You can test the connectivity by running

kubectl run -it --image=ubuntu ushell --restart=Never --rm -- /bin/bash

root@kshell:/ apt update ; apt install -y postgresql-client
root@kshell:/ psql -h postgresql dssc dssc

Password is dssc.

Password for user dssc:
psql (12.9 (Ubuntu 12.9-0ubuntu0.20.04.1), server 10.17)
Type "help" for help.

dssc=> \l
                                List of databases
  Name    |  Owner   | Encoding |  Collate   |   Ctype    |   Access privileges
-----------+----------+----------+------------+------------+-----------------------
dssc      | dssc     | UTF8     | en_US.utf8 | en_US.utf8 |
postgres  | postgres | UTF8     | en_US.utf8 | en_US.utf8 |
template0 | postgres | UTF8     | en_US.utf8 | en_US.utf8 | =c/postgres          +
          |          |          |            |            | postgres=CTc/postgres
template1 | postgres | UTF8     | en_US.utf8 | en_US.utf8 | =c/postgres          +
          |          |          |            |            | postgres=CTc/postgres
(4 rows)

Deploy Smart Check

Create Overrides. Change the service type to LoadBalancer if you have a Load Balancer

cat <<EOF > overrides-smartcheck.yml
auth:
  secretSeed: 'just_anything-really_anything'
  userName: 'admin'
  password: 'trendmicro'
persistence:
  enabled: true
service:
  type: NodePort
db:
  host: postgresql
  port: 5432
  user: dssc
  password: dssc
  tls:
    mode: disable
EOF

Install Smart Check

helm install -n smartcheck --values overrides-smartcheck.yml smartcheck https://github.com/deep-security/smartcheck-helm/archive/master.tar.gz

Note: As of Openshift 4.10 there is an issue with NetworkPolicies and Egress. To fix that after the helm install run the following:

Links:

#!/bin/bash
cat <<EOF > networkpolicy-patch.yaml
spec:
  egress:
    - {}
EOF

POLS=$(oc get networkpolicy -o json|jq -r '.items[].metadata.name')
for pol in $POLS; do kubectl patch networkpolicy $pol --patch-file networkpolicy-patch.yaml ;done;

Result

If everything worked correctly you should have a running Smart Check deployment on your cluster.

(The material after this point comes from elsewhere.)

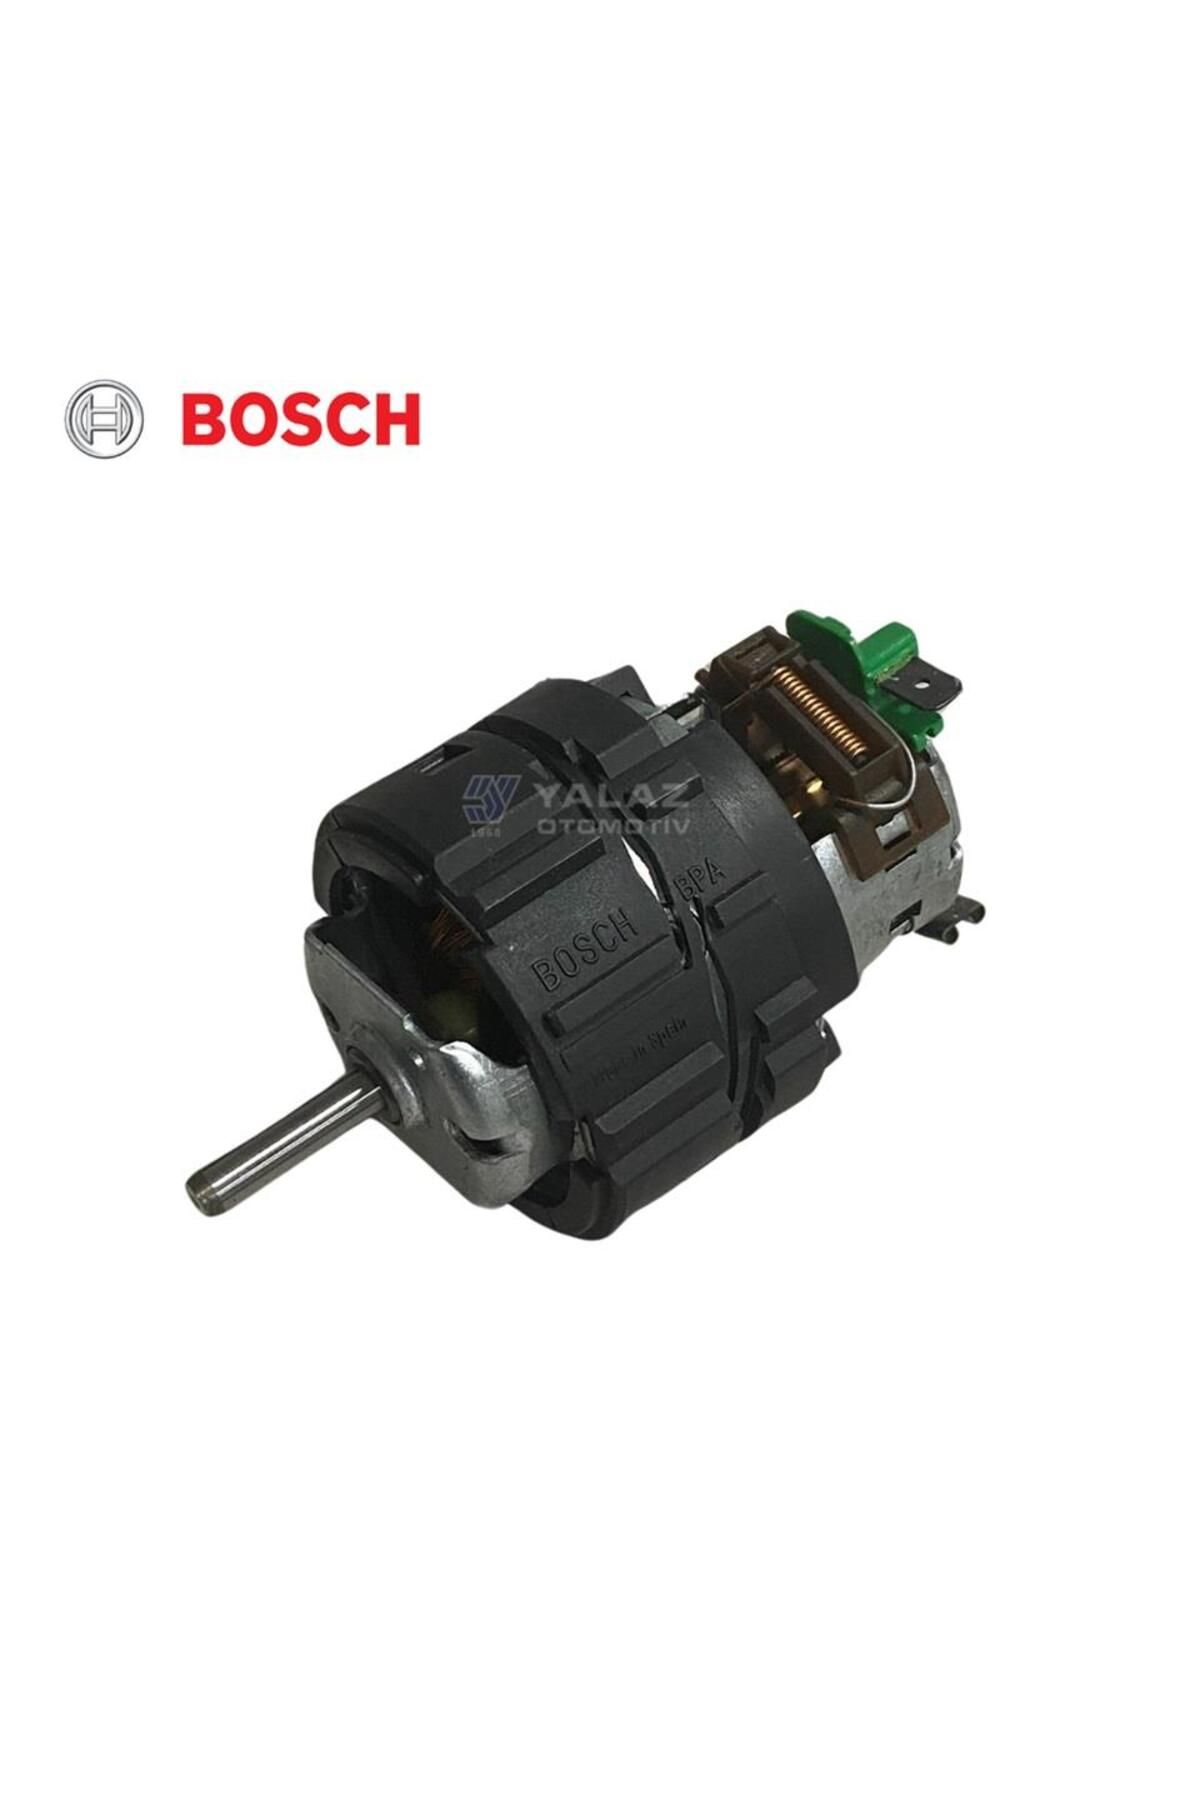 Bosch 24v Kalorifer Motoru Em (KÜÇÜK TİP) (MİL ÇAPI 6MM)

In case you're using CodeReady Containers do the following to enable access to Smart Check:

oc create route passthrough --service proxy --hostname smartcheck.testing

Finally, add smartcheck.testing to the line with some other .testing names. Example:

192.168.64.2 smartcheck.testing api.crc.testing console-openshift-console.apps-crc.testing default-route-openshift-image-registry.apps-crc.testing oauth-openshift.apps-crc.testing

Access Smart Check with your browser with https://smartcheck.testing.

Support

This is an Open Source community project. Project contributors may be able to help, depending on their time and availability. Please be specific about what you're trying to do, your system, and steps to reproduce the problem.

For bug reports or feature requests, please open an issue. You are welcome to contribute.

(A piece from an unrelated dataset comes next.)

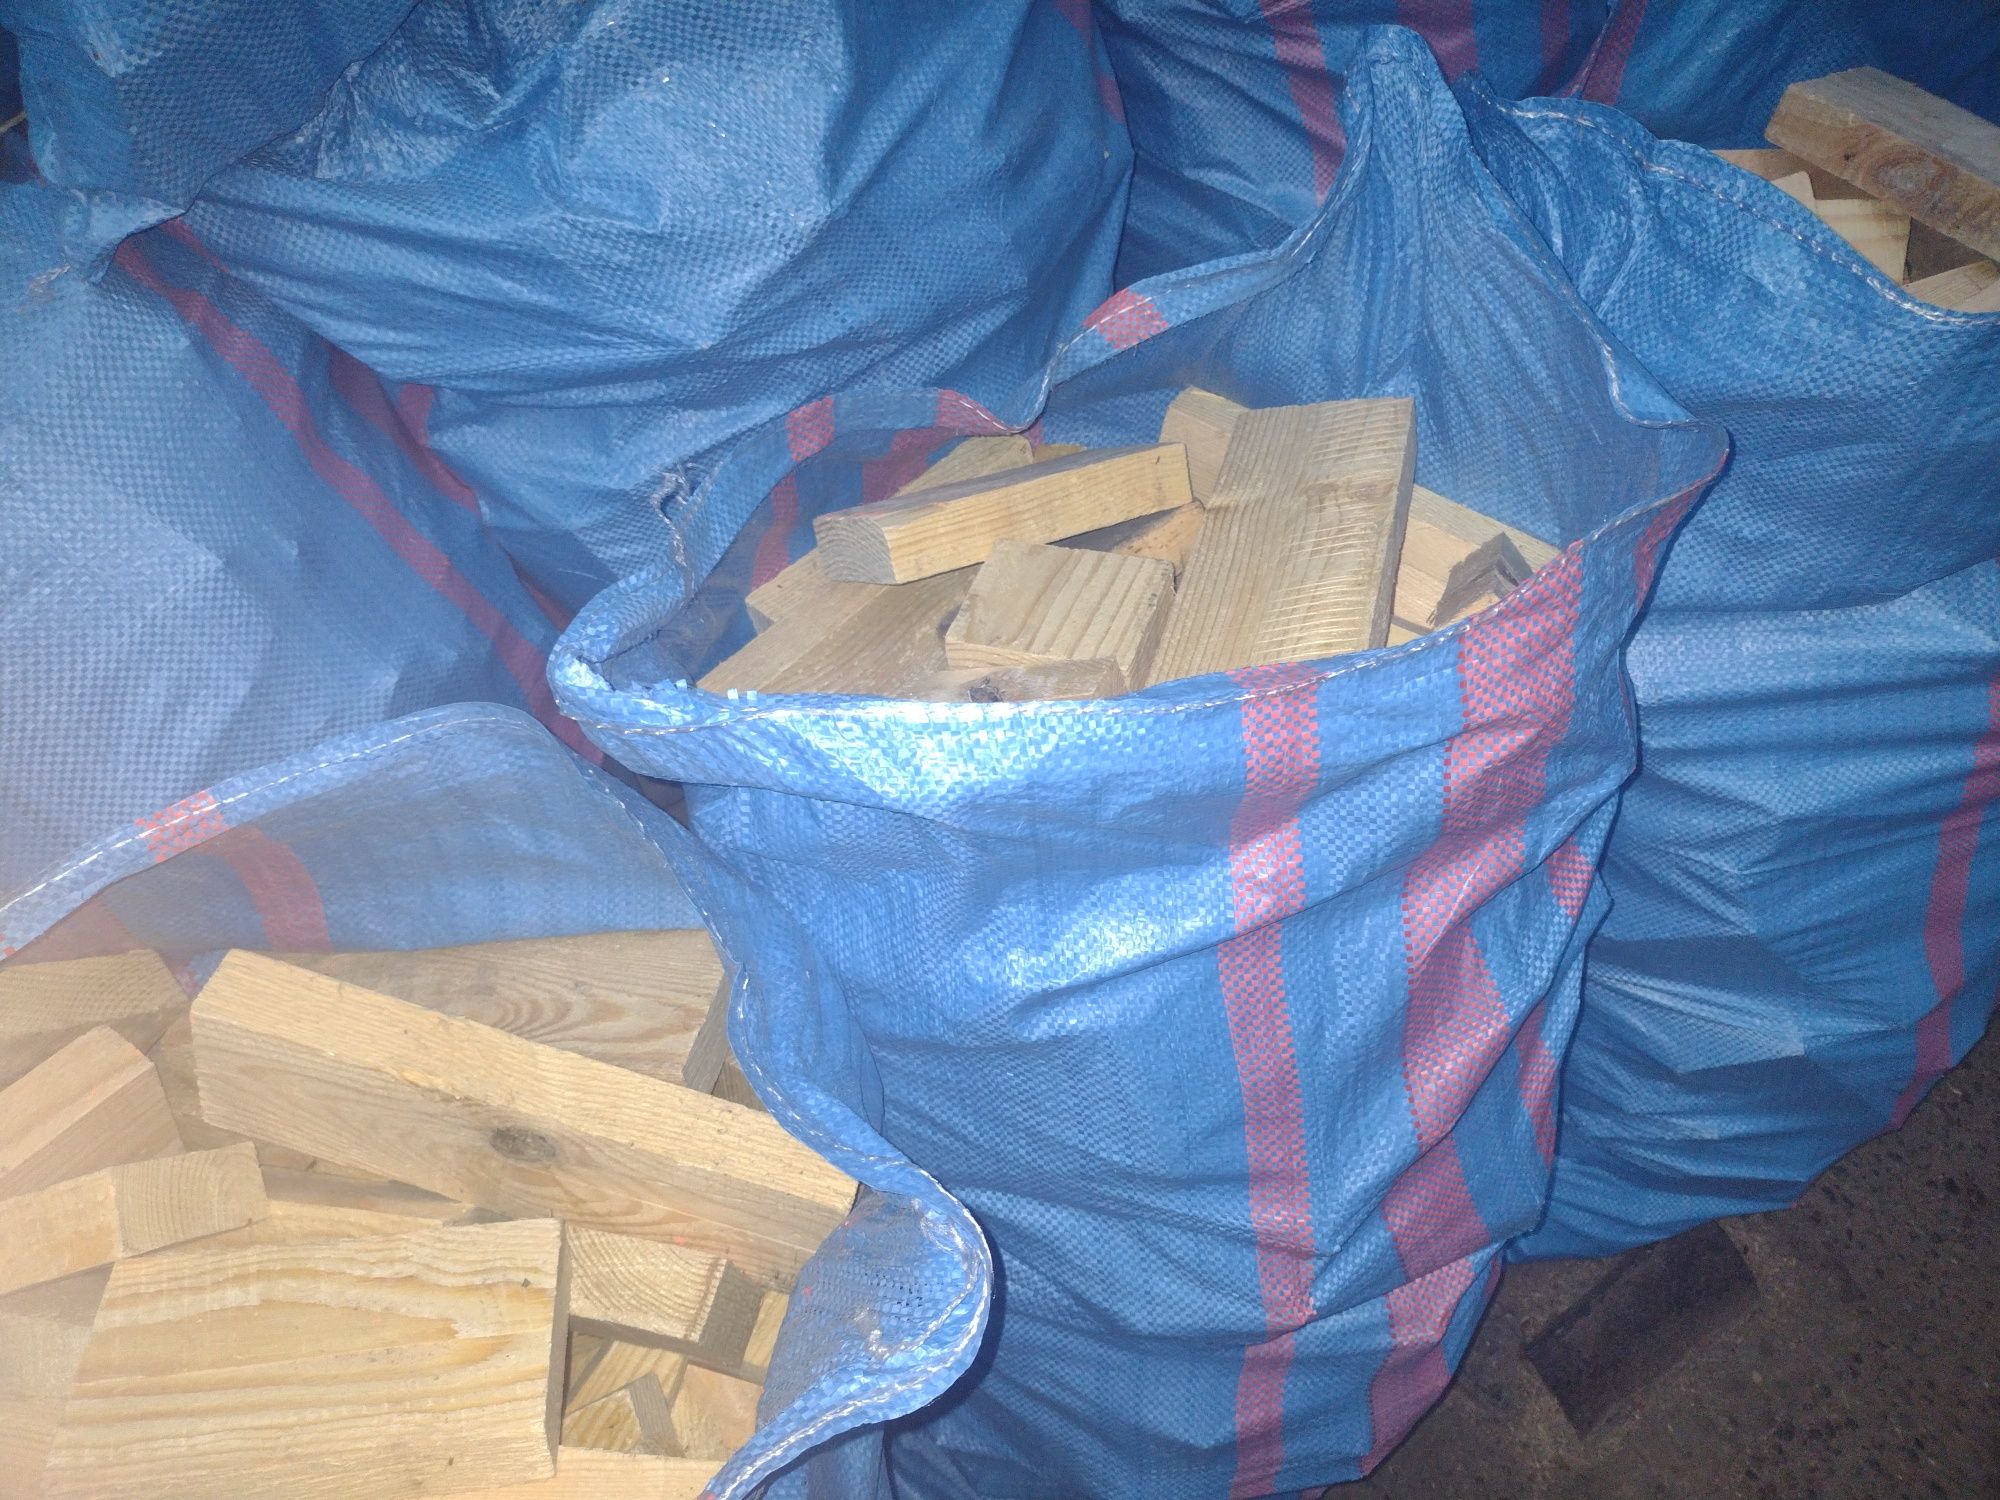 Drewno opałowe zapakowane w worki

Official support from Trend Micro is not available. Individual contributors may be Trend Micro employees, but are not official support.

Contribute

I do accept contributions from the community. To submit changes:

  1. Fork this repository.
  2. Create a new feature branch.
  3. Make your changes.
  4. Submit a pull request with an explanation of your changes or additions.

I will review and work with you to release the code.